BigJim: If you look at Joe Friel’s blog (link below) he has a lot of info on this and usually quotes and links to relevant scientific studies in his footnotes at the bottom.
I’ll just paste direct from one of his posts because it’s a pretty good explanation (http://www.trainingbible.com/joesblog/2008/09/hydration-and-exercise-part-2.html )
During exercise, as fluid is lost through sweating and in other ways, the concentration of sodium in the body actually increases. The reason is because much more fluid is lost than sodium. One might lose around a liter of water during exercise but only lose a small amount of sodium in sweat. Normal body sodium levels are about 140 millimoles per liter (mmol/l) of water while sweat is about 20 to 60mmol/l.

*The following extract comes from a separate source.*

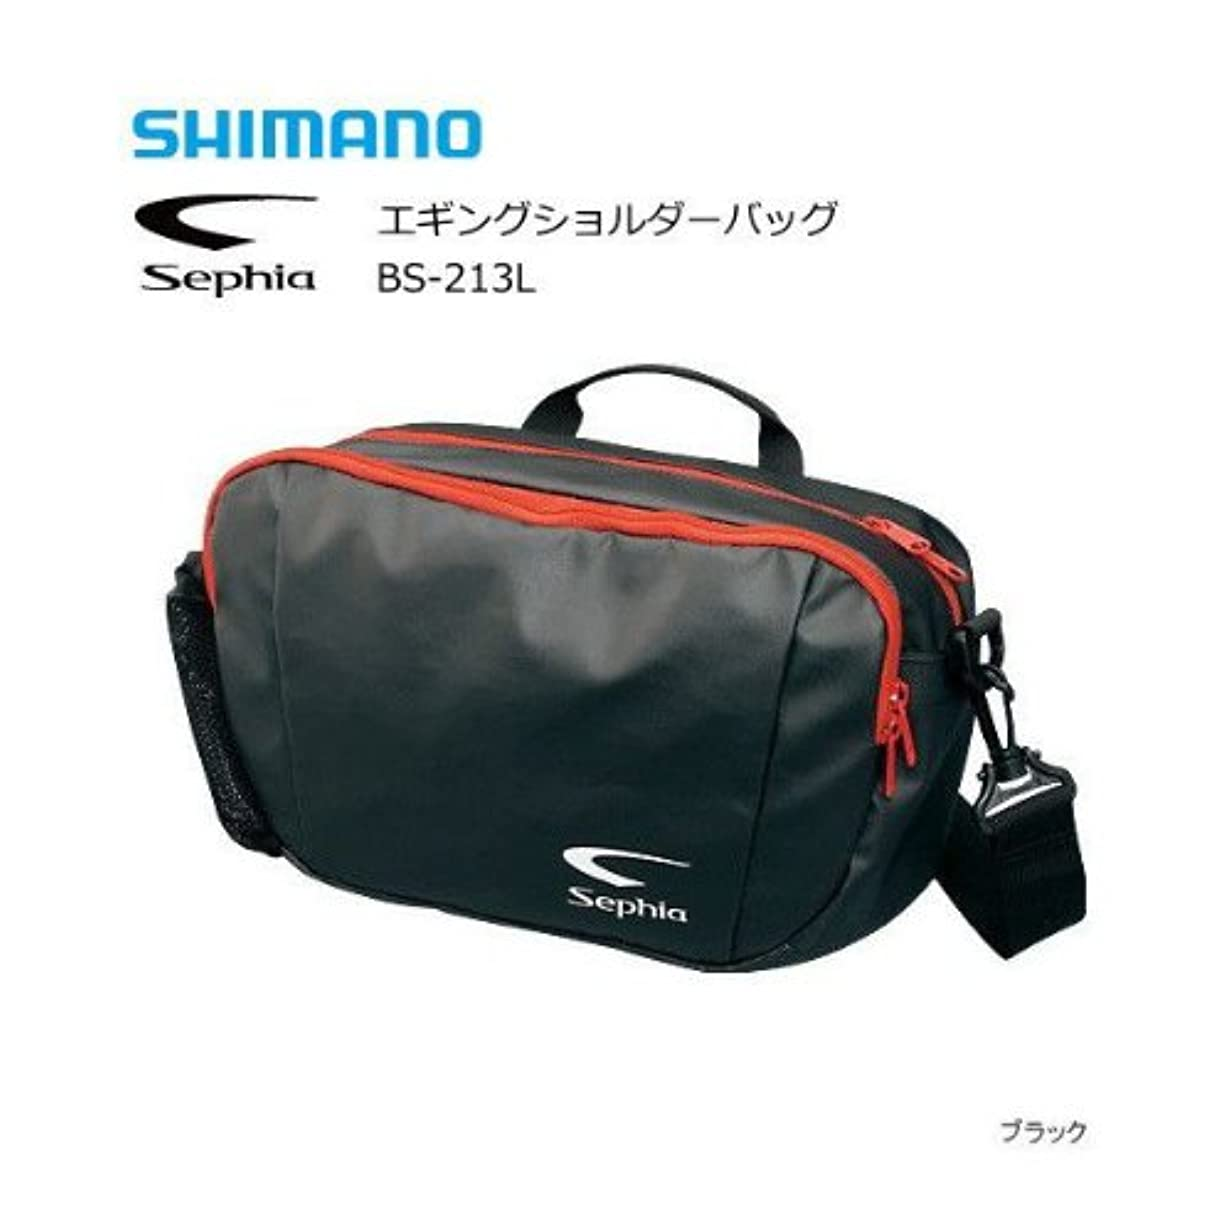 争う主張登山家シマノ(SHIMANO) セフィア エギングショルダーバッグ BS-213L ブラック 784599  釣り バッグ

So let’s say an average-sized human body contains 40 liters of water when at rest and normally hydrated. That means it has stored away something like 5600mmol of sodium (40 x 140 = 5600). If one liter of fluid is lost during exercise and with that 60mm of sodium are excreted (the high end, or “salty” sweater) then the new sodium concentration is about 142mmol/l (5600 – 60 = 5540 / 39 = 142.05). The concentration of sodium has risen, not declined. Guess what happens next after a sufficiently large rise in sodium concentration occurs – your thirst mechanism kicks in and you drink water to dilute the sodium bringing it back down to something closer to 140mmol/l. One study found that a rise of about 2-3% of plasma sodium concentration evoked a strong desire to drink [7].
So your sodium becomes more concentrated during exercise as you sweat, not less as we’ve been led to believe. In other words, you don’t need to replace lost sodium during exercise because the loss is inconsequential while the volume of water lost is significant. But even if you did, the sodium content of most sports drinks is 10-25mmol/l, not enough to replace the loss (unless you overhydrate which raises the specter of hyponatremia – more on that shortly). More than about 25mmol/L of sodium makes the drink unpalatable. The extracellular fluid in your body, where much of the sodium is stored, is about the concentration of sea water. If you’ve ever swallowed sea water you know how bad that would be to drink.